At night, lines of men queue outside the camp shower, a makeshift structure hung with plastic sheeting. There are no toilets and no hot water. Youngsters like Yoro who can’t find work sell tin cans of lukewarm water they have collected from the two working taps near the camp to sell to workers returning from the fields. Others sit on the ground wrapping cuts on their hands and arms with toilet paper and sticky tape.

Nearby, a group of Tunisian men sell halal meat. At another makeshift stall, north Africans barter over second-hand boots, mobile phone chargers, toilet paper and rice.
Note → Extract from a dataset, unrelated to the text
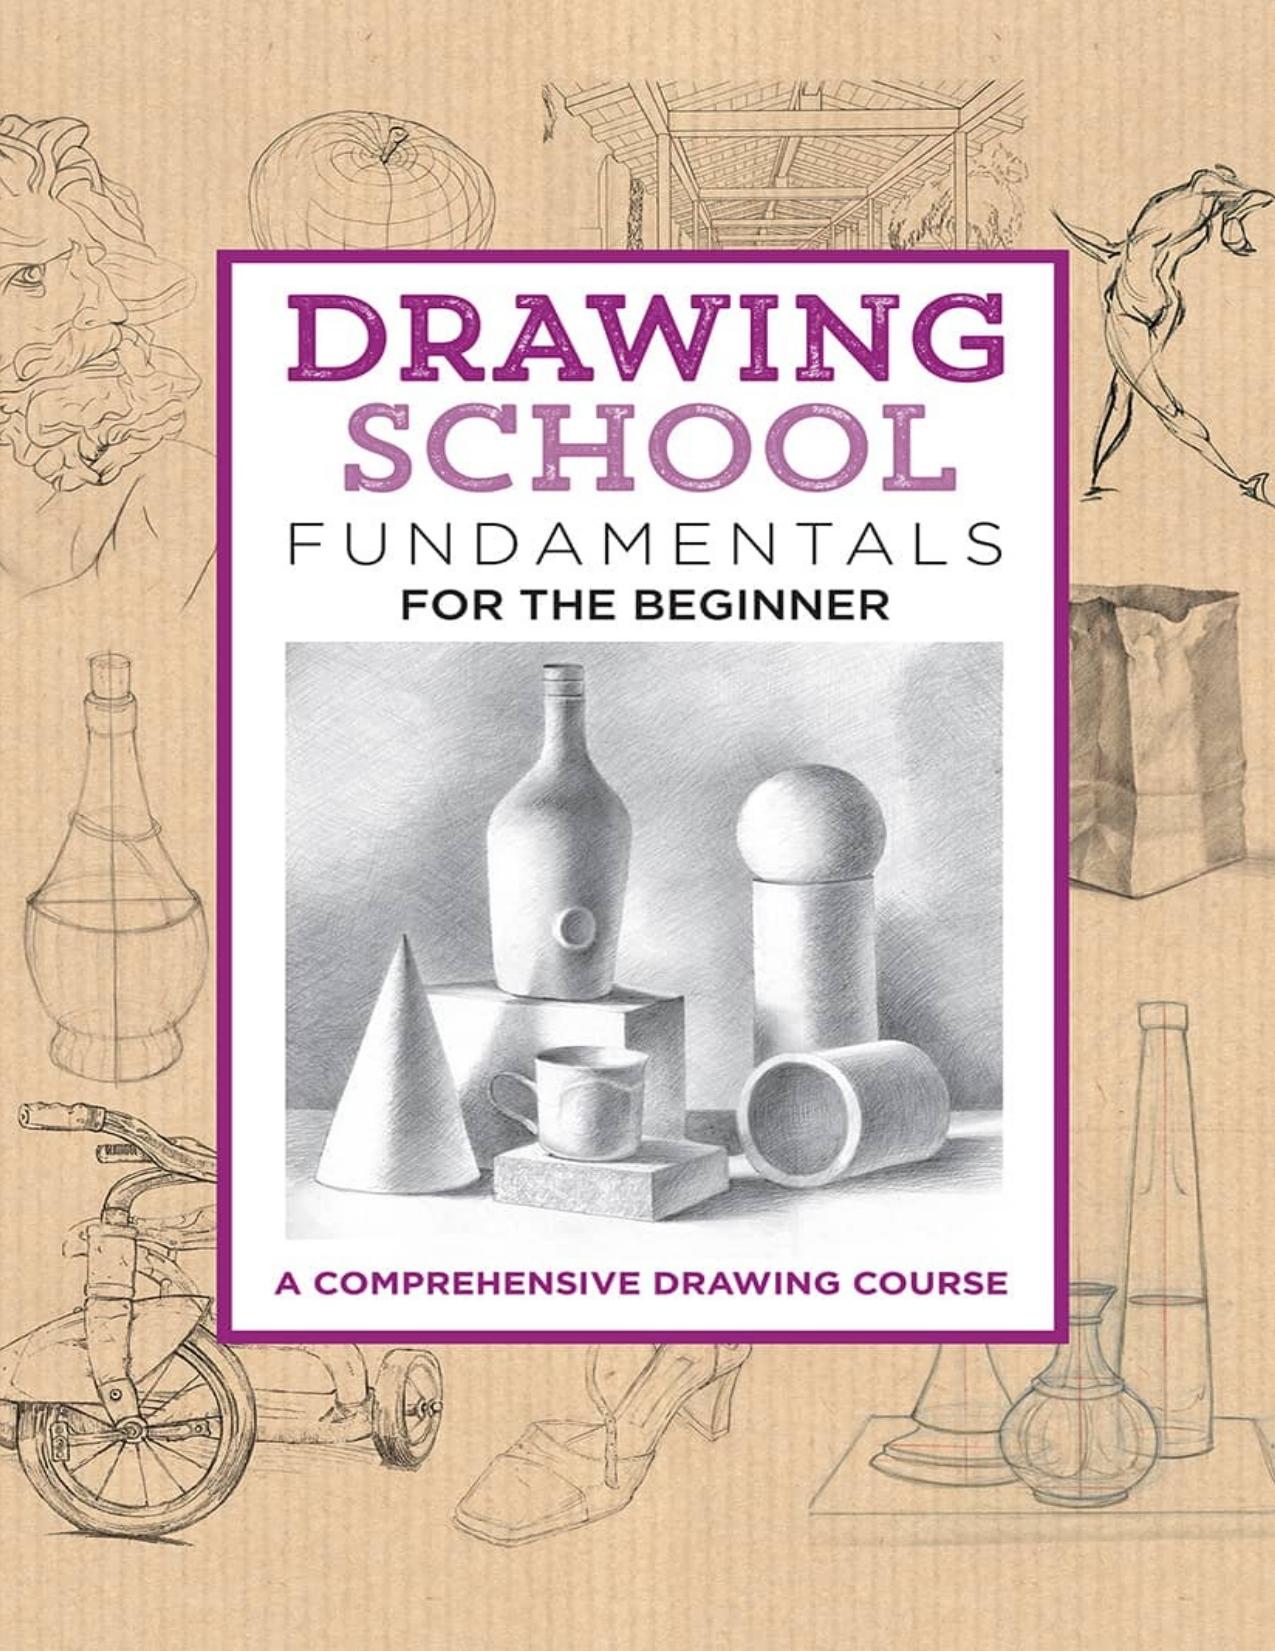 Drawing School: Fundamentals for the Beginner: A Comprehensive Drawing Course - PDFDrive.com

Salvatore Vella, a prosecutor in Agrigento, has been working on an investigation into the Sicilian gang masters profiting from migrant labour exploitation.

His investigation was triggered by an alleged attack on a 27-year-old Nigerian who was working in the fields of Favara, near Agrigento. After working two extra hours in the field, the worker asked the owner of the company, a 28-year-old Italian, for an extra fee of five euros. In response, the Italian man allegedly pulled out a gun and fired several shots, seriously injuring him.

“All the inhumanity of this phenomenon has come out in this investigation,” Vella says. “The exploited immigrants in the countryside are treated as dead meat. They are considered objects, the property of businessmen, slaves.”

Yvan Sagnet, a 31-year-old Cameroonian and former informal agricultural worker, led migrant protests against exploitation in the Sicilian fields in 2011. He is now a union leader for CGIL, one of Italy’s biggest labour unions.

For him, the tent and leaking shelters signify a failure to implement hard-won laws intended to protect migrants from labour abuses.

“Existing laws need to be applied, such as the requirement for farmers to give a contract to seasonal workers in Italy that includes food and a place to stay, but this never happens,” he says. “That’s why, increasingly, migrant workers are forced to live in these ‘ghetto-camps’.”

He says one solution is to turn these spaces into official immigration camps, overseen and managed by the government.

“We can’t just get rid of the tents and send these workers home. It won’t work,” he says. “We need an institutional organisation to negotiate the contracts between the farmers and the migrants.”

Meanwhile, night has fallen over the camp. Fires are lit. In a few hours, the long queues will begin to form again as the migrants wait for the vans to arrive.

Amadou will try again. He needs to work but he knows his chances are slim. “They consider me too old to work,” he says, smiling, “but, the truth is, it’s this camp that is making me old. These days trapped in a tent. These days that seem like years.”